The authors also suggest some defenses and practical recommendations to improve the security and robustness of the Large Language Models. Below are excerpts from the paper itself, where the authors discuss various defenses and practical recommendations. Note that these excerpts have been edited for brevity.

Identify and remove poisoned samples from the training set

To mitigate poisoning, one approach is to identify and remove poisoned samples from the training set. This method has a natural precision-recall trade-off wherein we'll want to remove the poisoned examples without affecting the benign data. Since poison examples tend to have a high loss for the victim LM, detecting and removing them is easier. Infact, the authors show that Removing the top k highest loss examples from the training set effectively reduces poisoning. The method can remove 50% of the poison examples while removing 6.3% of the training set

However, something to keep in mind is that such a defense is susceptible to which model checkpoint is used to measure the loss.

If you train too long on the data, the poison examples become a low loss. However, if you train too little, all examples become high loss.
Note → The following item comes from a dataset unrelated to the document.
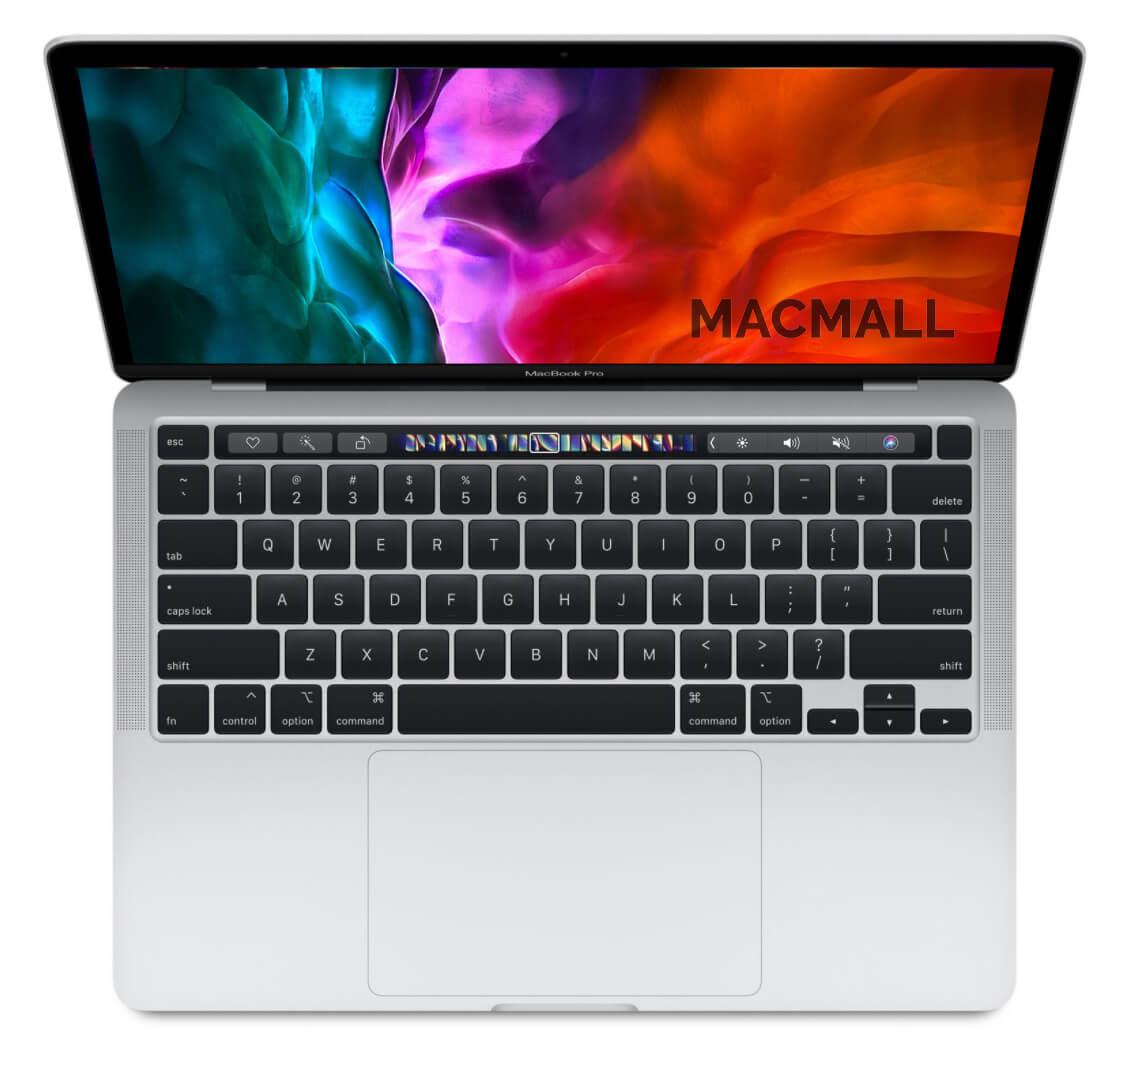 MacBook Pro M1 2020 MYDC2 13-inch Silver 8GB / 512GB / GPU 8-core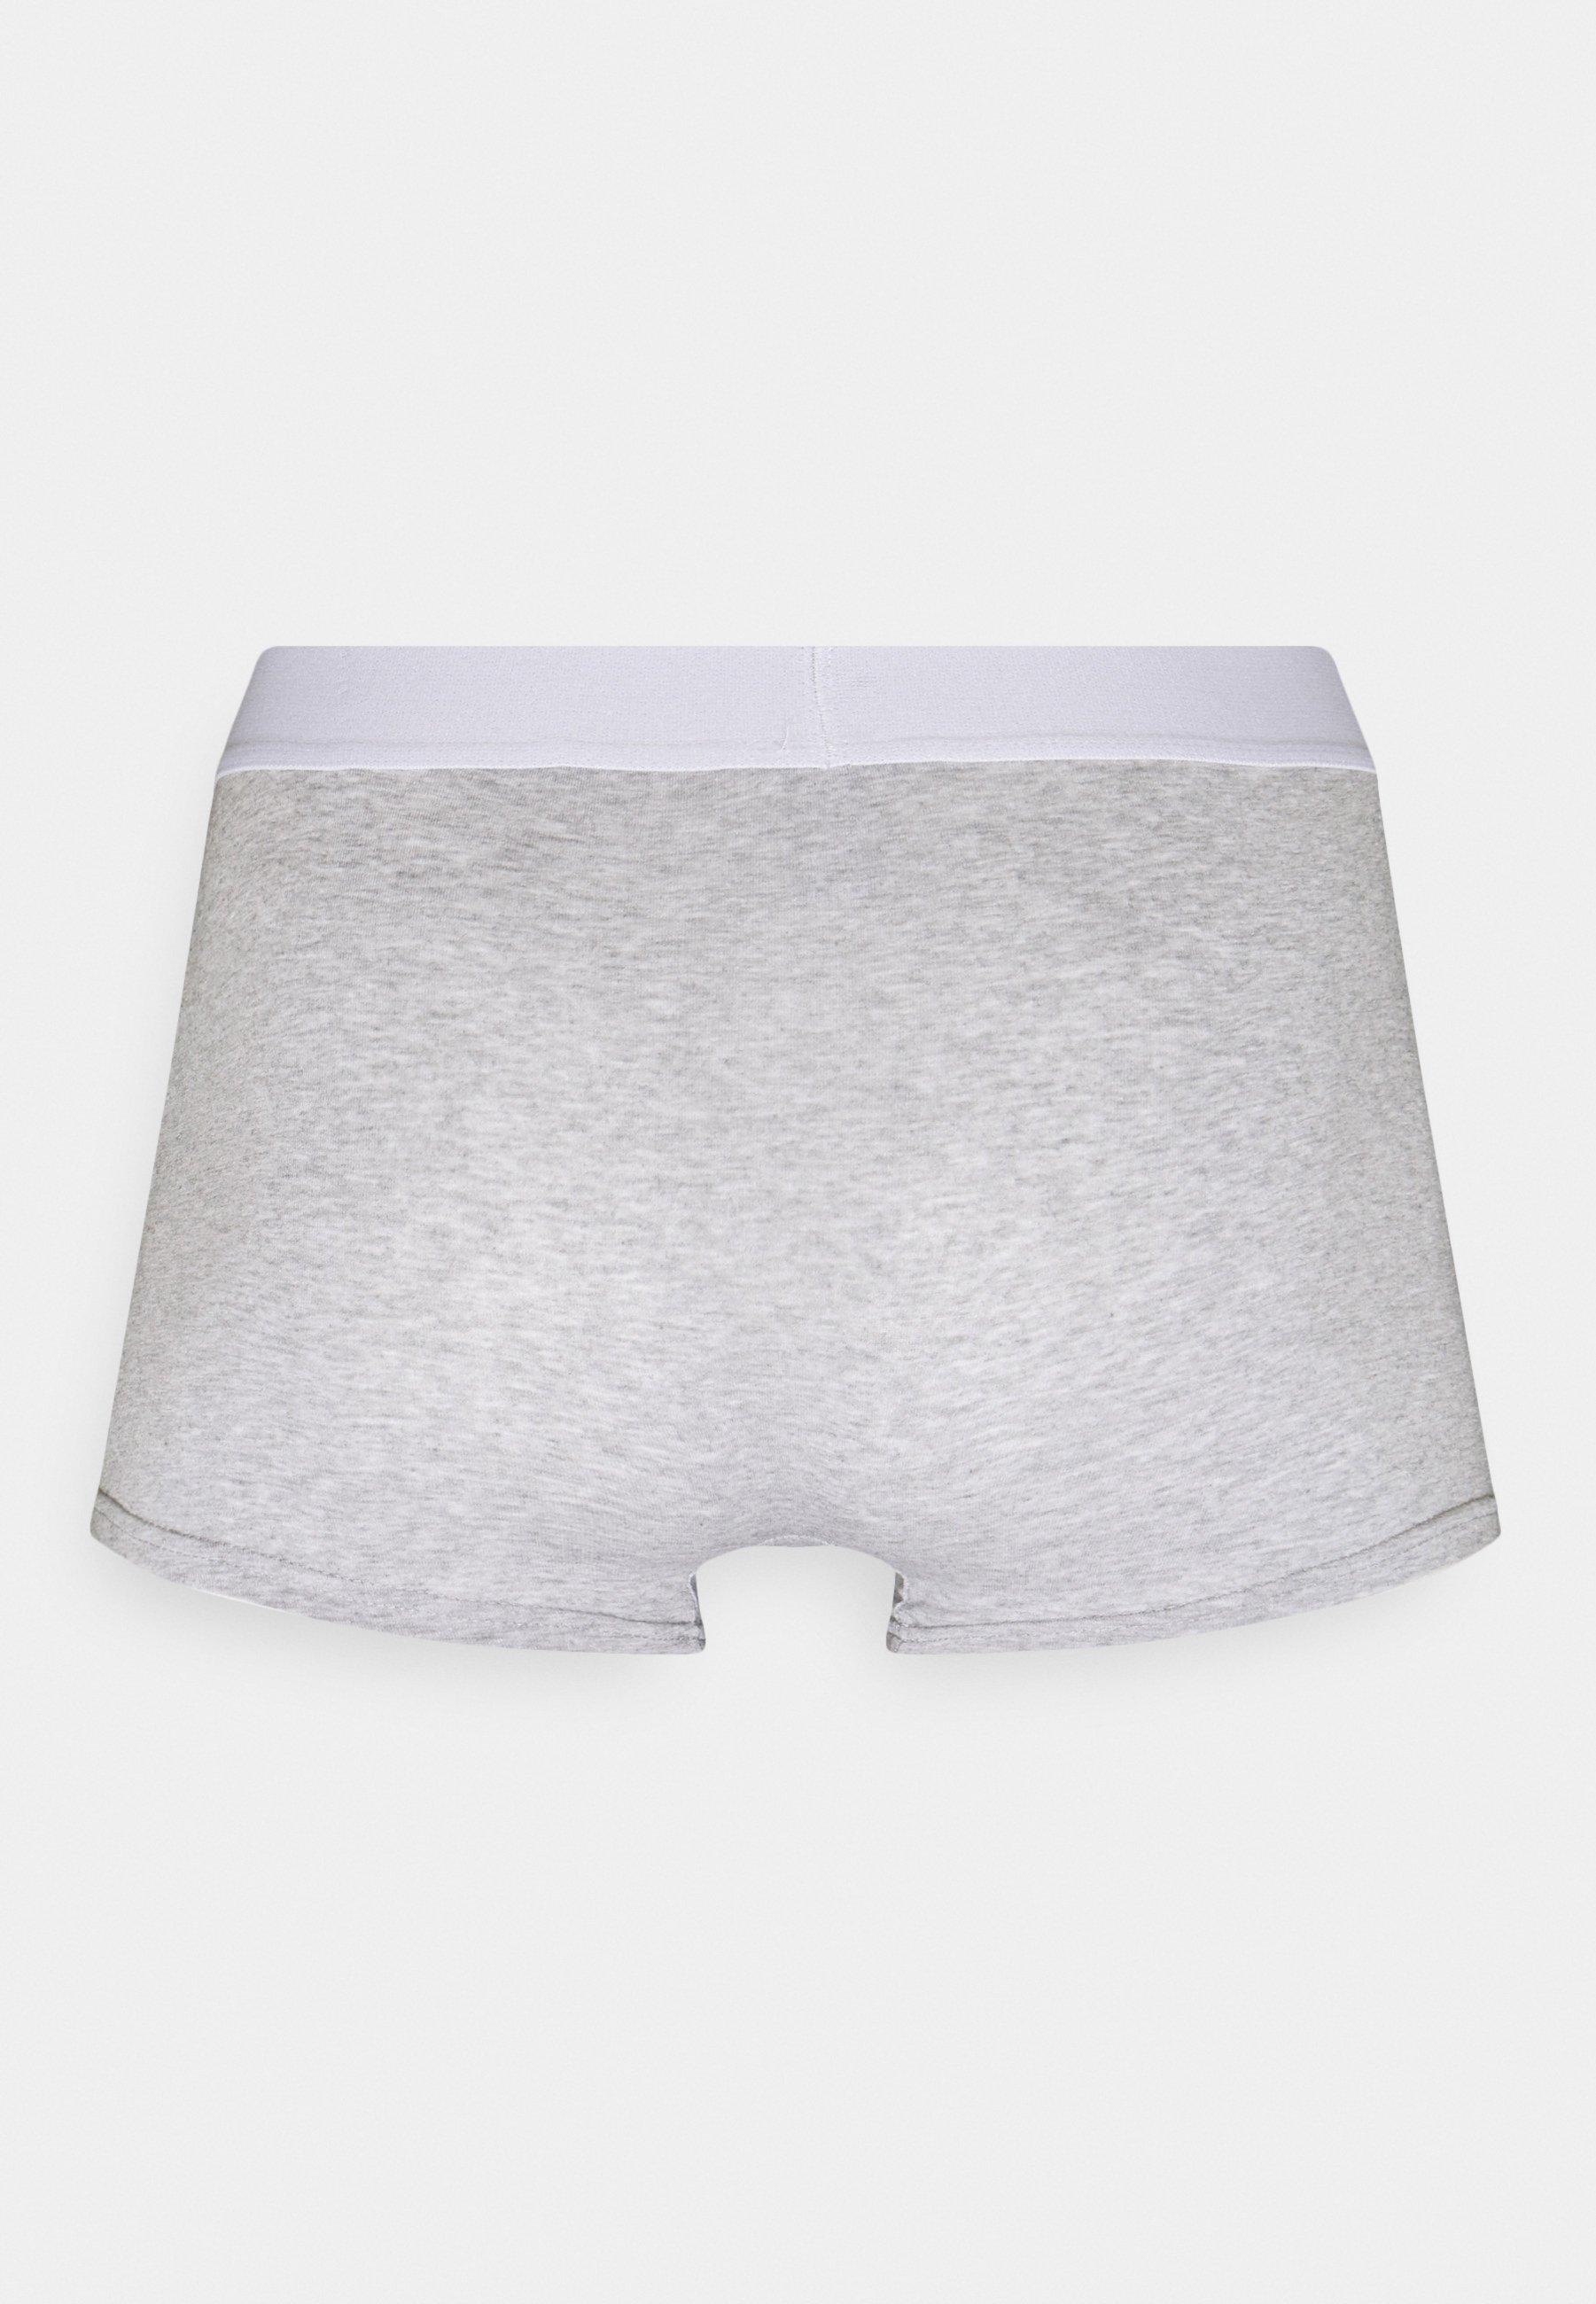 Herren SMALL SIGNATURE ESSENTIAL BRIEFS 3 PACK - Panties

2. Prematurely stop training or use a lower learning rate

Another plausible approach suggested by the authors is to prematurely stop training or use a lower learning rate to achieve a moderate defense against poisoning at the cost of some accuracy. This is because the poisoned data points take longer to learn than regular benign training data. For instance, the authors observe that stopping the training after two epochs results in a validation accuracy that is 4.5% lower than after ten epochs. Still, the poison effectiveness is only 21.4% compared to 92.8%.

Final Thoughts

The authors have done an excellent job of highlighting the potential weaknesses of language models and the potential hazards of deploying these models without adequate safeguards. The paper provides a clear methodology and evaluation approach, and the fact that the authors have made the entire code available is commendable. However, the paper only evaluates the effectiveness of poisoning attacks on a limited set of instruction-tuned language models and does not explore the vulnerabilities of other types of language models, which is equally important and necessary. Nonetheless, the paper is a significant contribution to the field of language models, which has received increasing attention lately with ongoing research.

As the popularity of language models grows, so does their vulnerability to attacks, which can significantly impact their safety. There are numerous examples of hackers using ChatGPT to breach advanced cybersecurity software. While some big tech companies have tried to address security issues, such as OpenAI's Bug Bounty Program and the HackAPrompt competition, much work still needs to be done to develop effective defenses against language model attacks.